BOSTON – Mayor Martin J. Walsh and the City of Boston today released Boston’s first-ever documentary, a seven-minute piece on the creation of the Boston Marathon Markers on Boylston Street. For five years, the City of Boston worked with the families of those lost in the Marathon bombings to commemorate the impact of that day. The Marathon Markers were completed in August 2019.

The full video is available on boston.gov/marathon-markers.

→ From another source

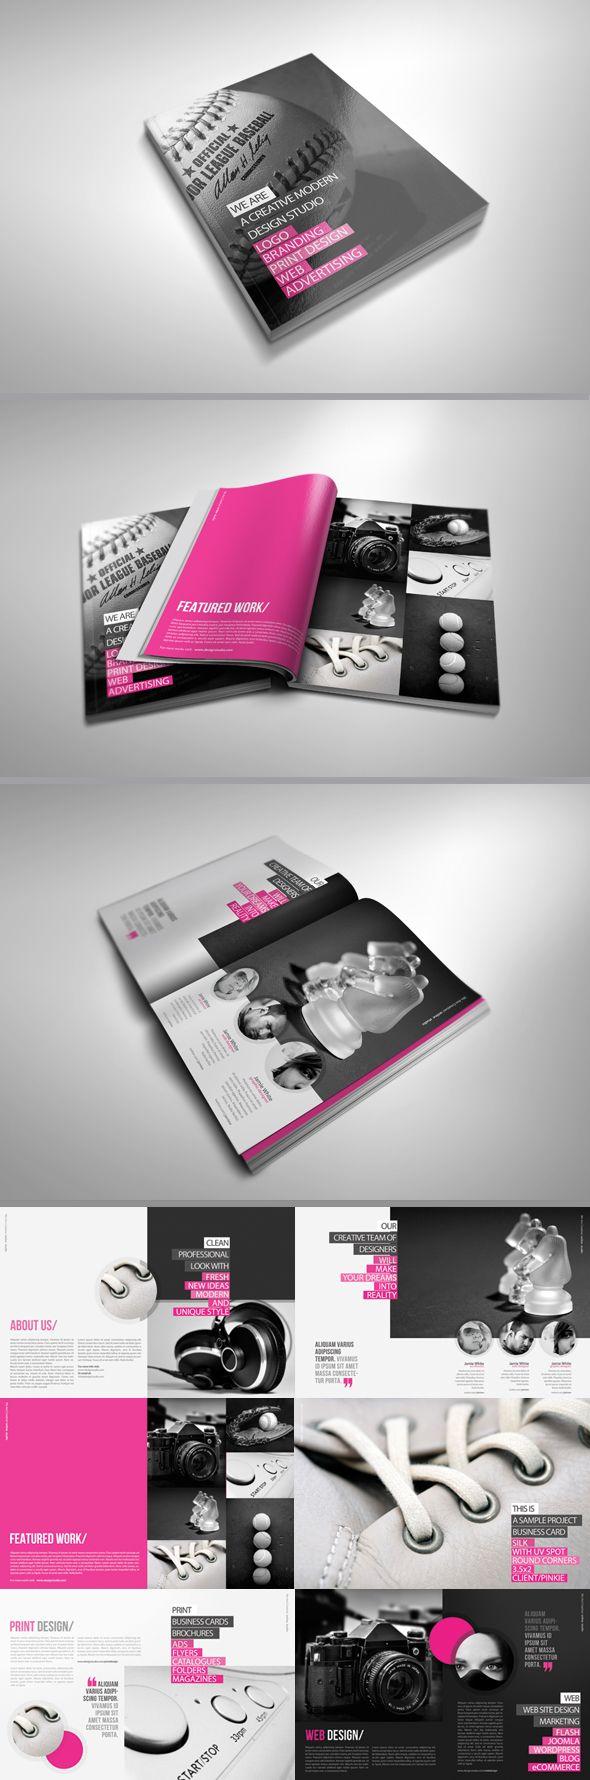 Creative Catalogue / Brochure by 24beyond.deviantart.com on @deviantART
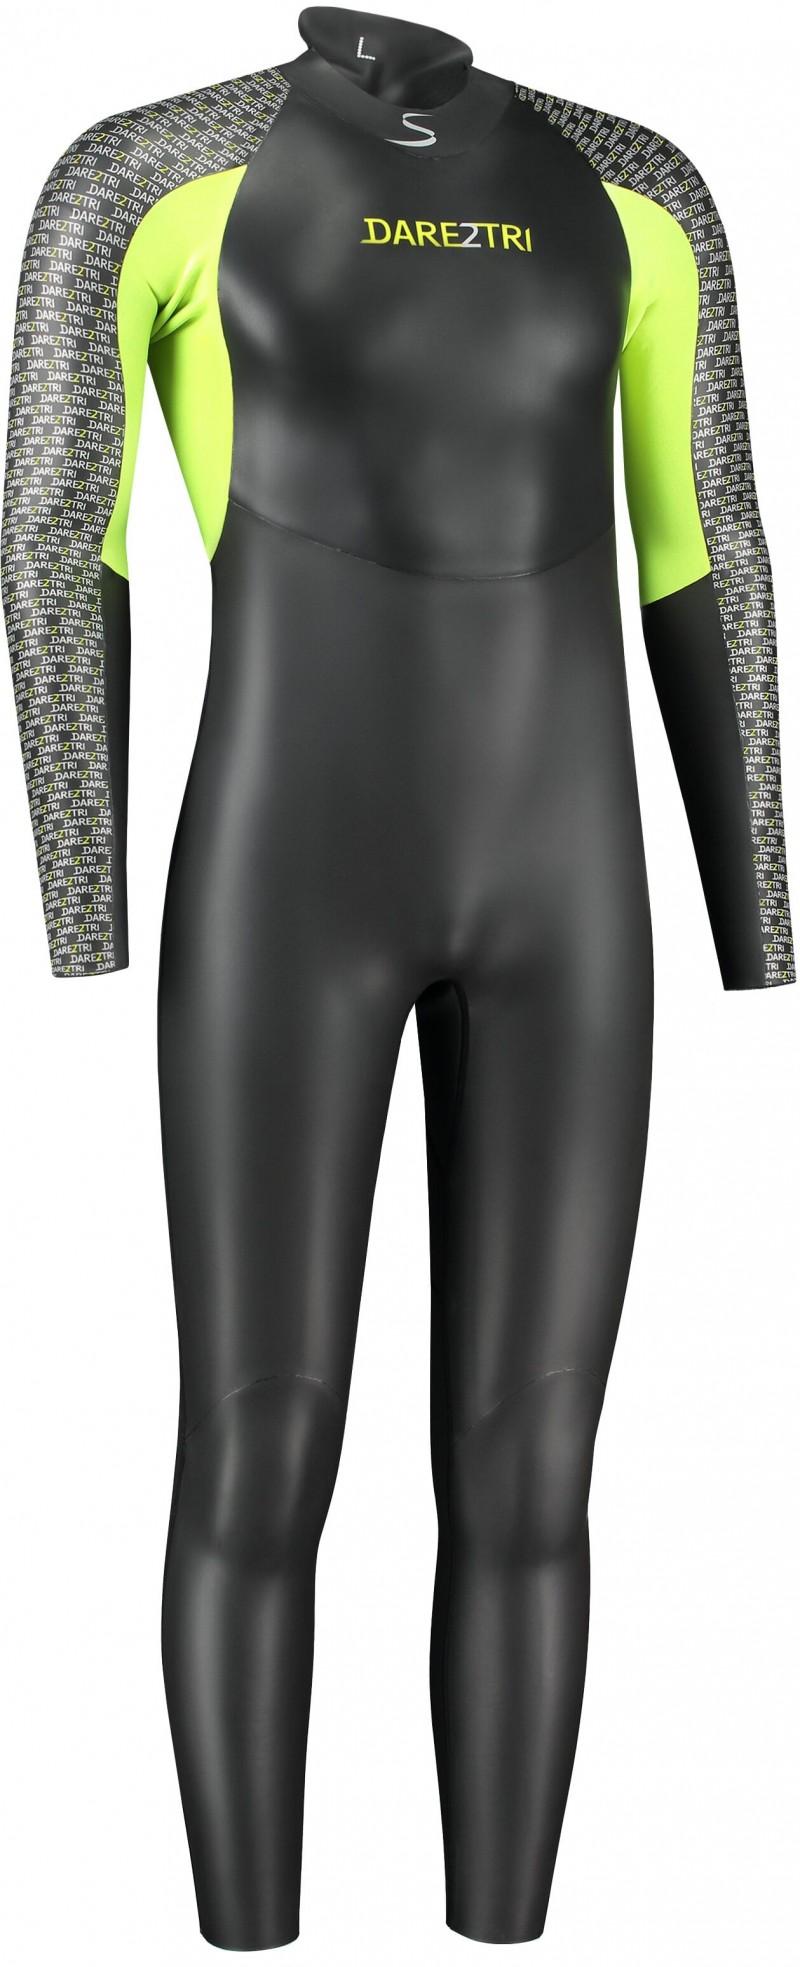 Dare2Tri - To Swim Wetsuit (Size Medium)

About the Marathon Markers Design
Starting with a bump-out of the sidewalk into Boylston Street, the design affirms immediately, that the circumstances of the Bombing changed Boston and its citizens. This bump-out is paved in an intricate pattern with materials that are “native” to Boston’s architecture and its history. Brick and various shades of granite from all over New England are united with bronze. The paving is intricate and requires a great deal of craftsmanship and work. This is to make the space precious and special.

In the center circle of the marker is a space for those that lost their lives, the second circle for those that were injured and finally the space for the rest of us, the witnesses. In this design, bronze is used as the material that connects all of the other materials to each other. A unifier, bronze is a noble material but also utilitarian. It represents, in this case, the steadfastness to our shared ideals.

There are two marker sites, one at the finish line and one further down Boylston street. The finish line marker site holds one stone and the second site holds two stones, which together represent those who lost their lives. These stones stand in the center of each marker and twist and meld into each other. These particular stones were gathered from places around Boston that were significant to the victims and their families: Franklin Park, Boston University, and Spectacle Island.

The markers recycled materials that once were in use elsewhere in the city. Flanking both sites on the street side are a series of four tall cast glass pillars of light, encased in four bronze spires. The sharp, diamond shape made of black granite that cuts through the circles represents the violence of the act. The cast glass of these lights contrasts the other materials of stone, brick and metal and signifies the fragility of life and ideas.